Bis Anfang Juni durften nur einzelne Personen auf die Habichtwiese, um die dringendsten Arbeiten zu erledigen. Wir waren sehr froh, dass dann mit der Umgangsverordnung wieder kleinere Aktivitäten möglich waren. Wir haben einen corona-gerechten Küchentresen gebaut mit sog. Spuckschutz und einer lebensmitteltauglichen Edelstahlplatte, haben ca. 3 Kubikmeter Holz-Hackschnitzel verarbeitet und neue Baumscheiben angelegt, ca. 200 qm Wiese mit hochspezialisiertem, regionalem Saatgut in eine Blühwiese verwandelt, an ca. 20 Bäume eine Drainage gelegt zur leichteren Bewässerung, ca. 80 Meter PE-Rohr unterirdisch verlegt, div. Kleinteile reparariert und mal wieder etwas Müll weggeräumt. Wir haben Sachspenden bekommen: Einen weiteren kleinen Gartenteich, einen Grill, Gemüsepflanzen und Ziergras.

Die Familienbeete sind gewachsen und gewuchert: Erste Versuche mit Permakultur haben riesige Kürbispflanzen und kleine leckere Tomaten hervorgebracht, eine Kräuterspirale und ein Bohnentipi sind dazu gekommen.
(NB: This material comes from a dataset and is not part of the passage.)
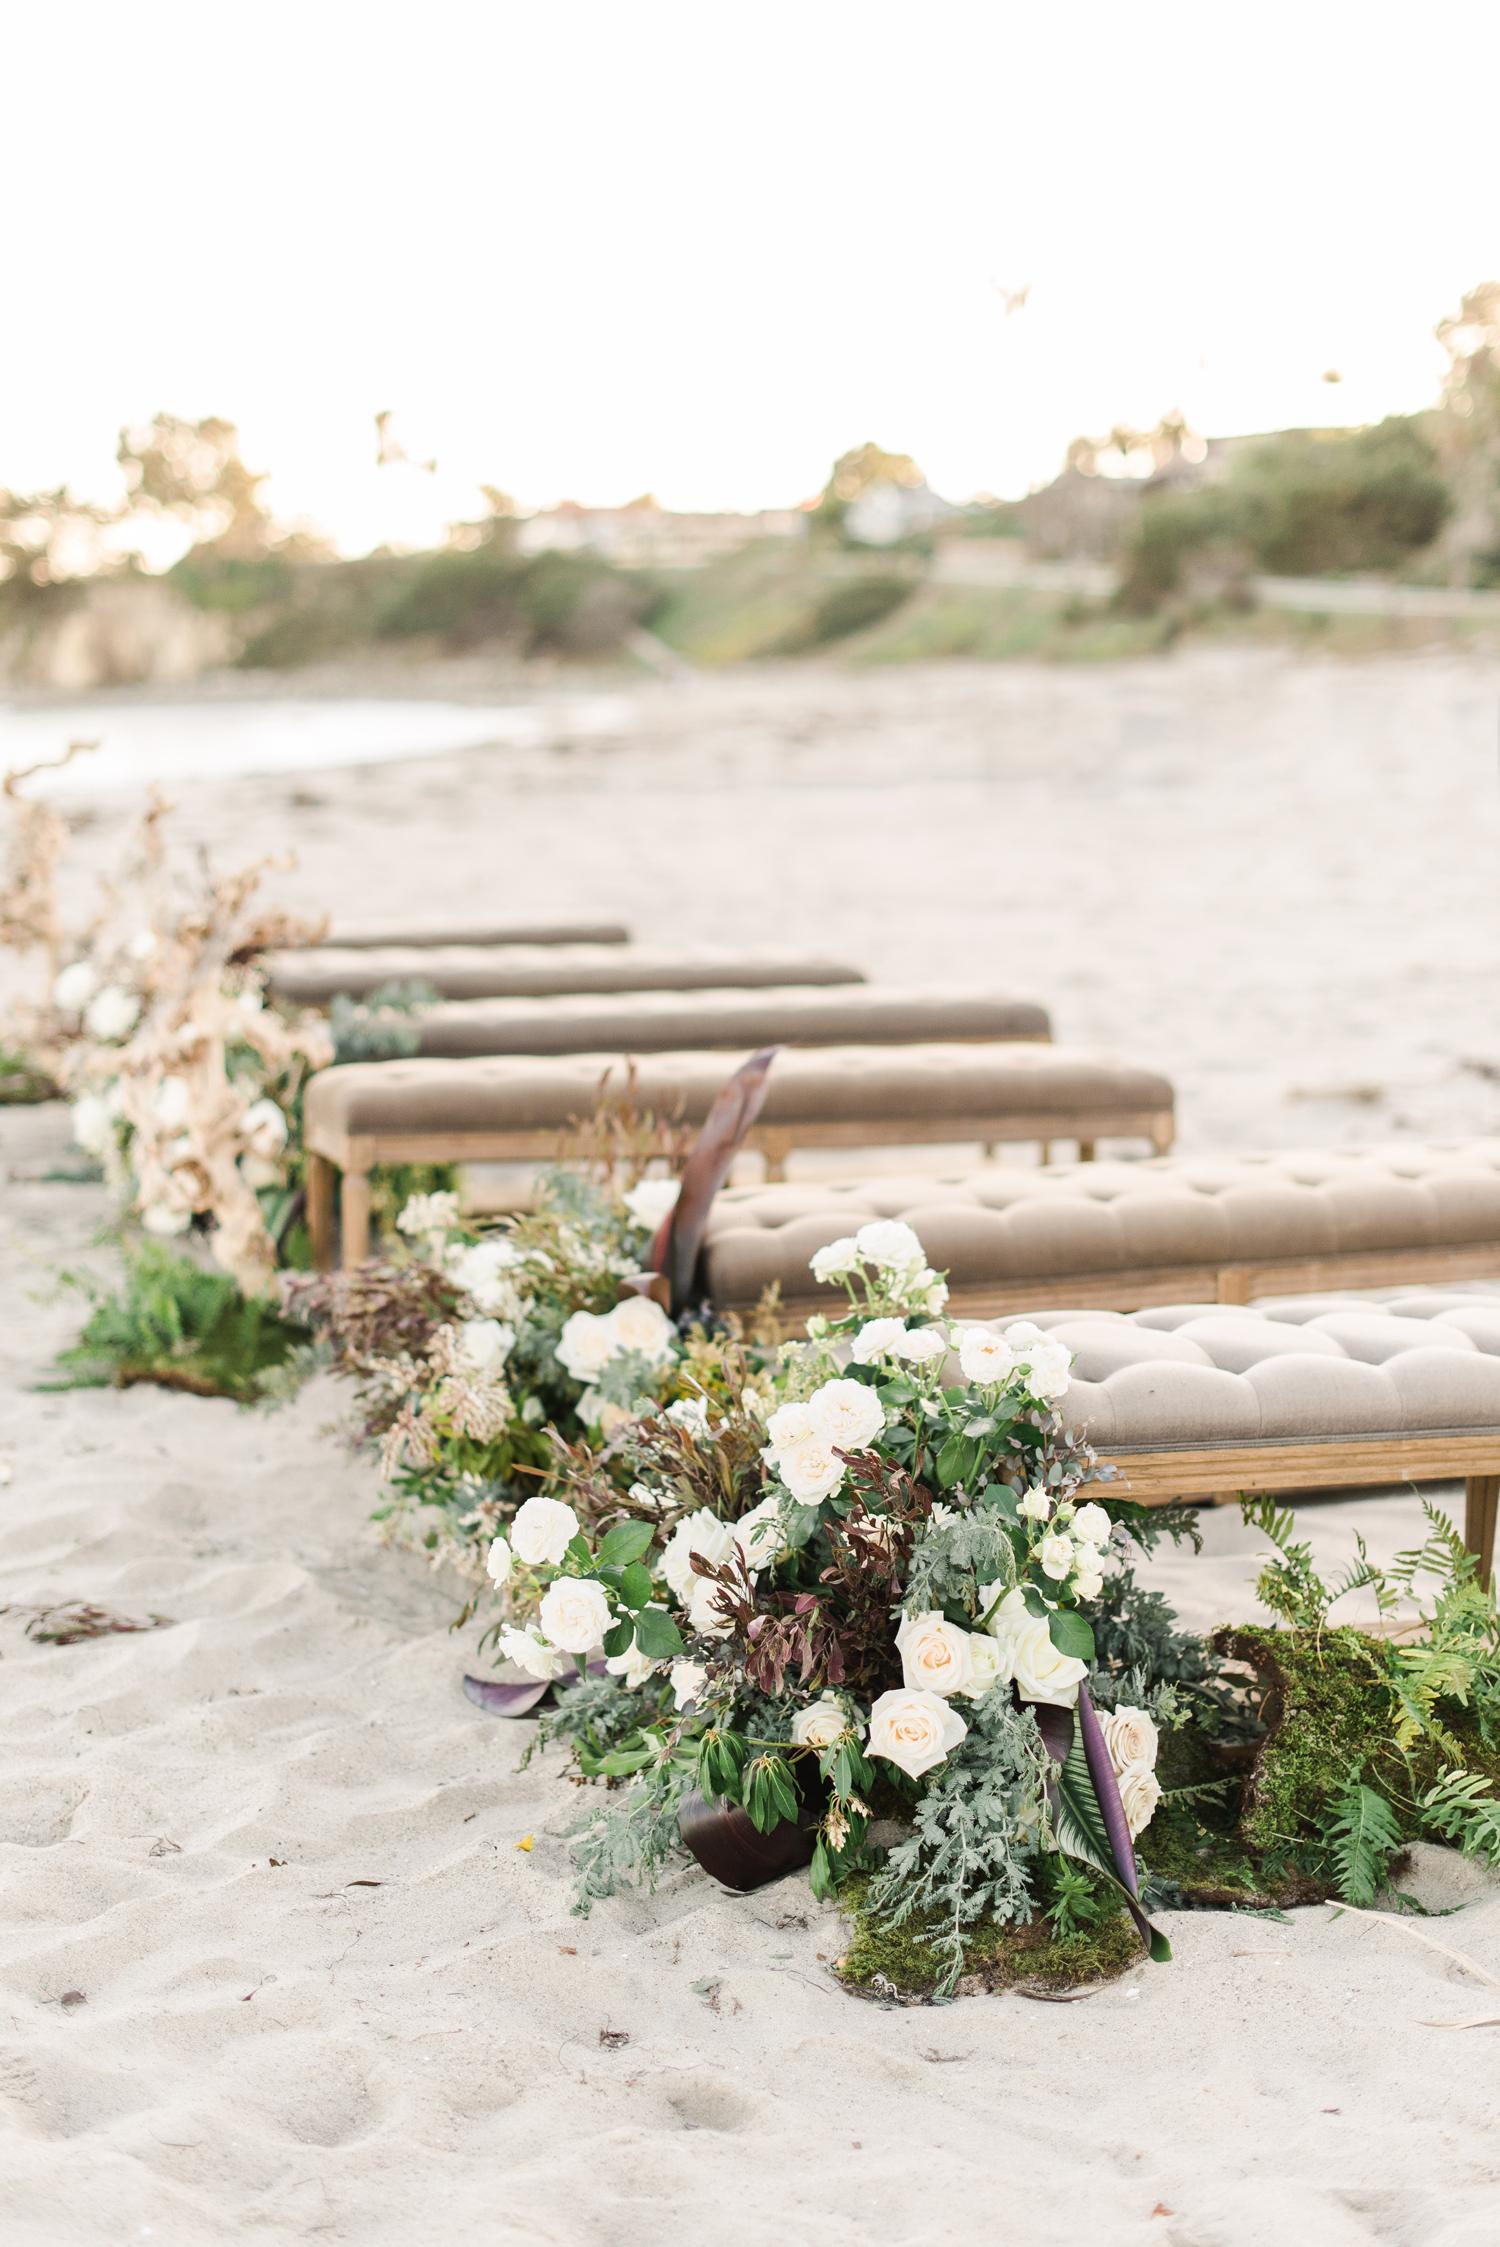 beach wedding ideas benches arranged on beach

Es gab auch fleißige Mit-Esser: Vom dreimaligen Nachlegen der Bohnensamen beim Bohnentipi hat vor allem das örtliche Reh profitiert, das im übrigen auch auf Blumenkohl und Frühlingsblumen steht. Mahlzeit! Nächstes Jahr pflanzen wir doppelt so viel und machen ein Schild dran für Bambi.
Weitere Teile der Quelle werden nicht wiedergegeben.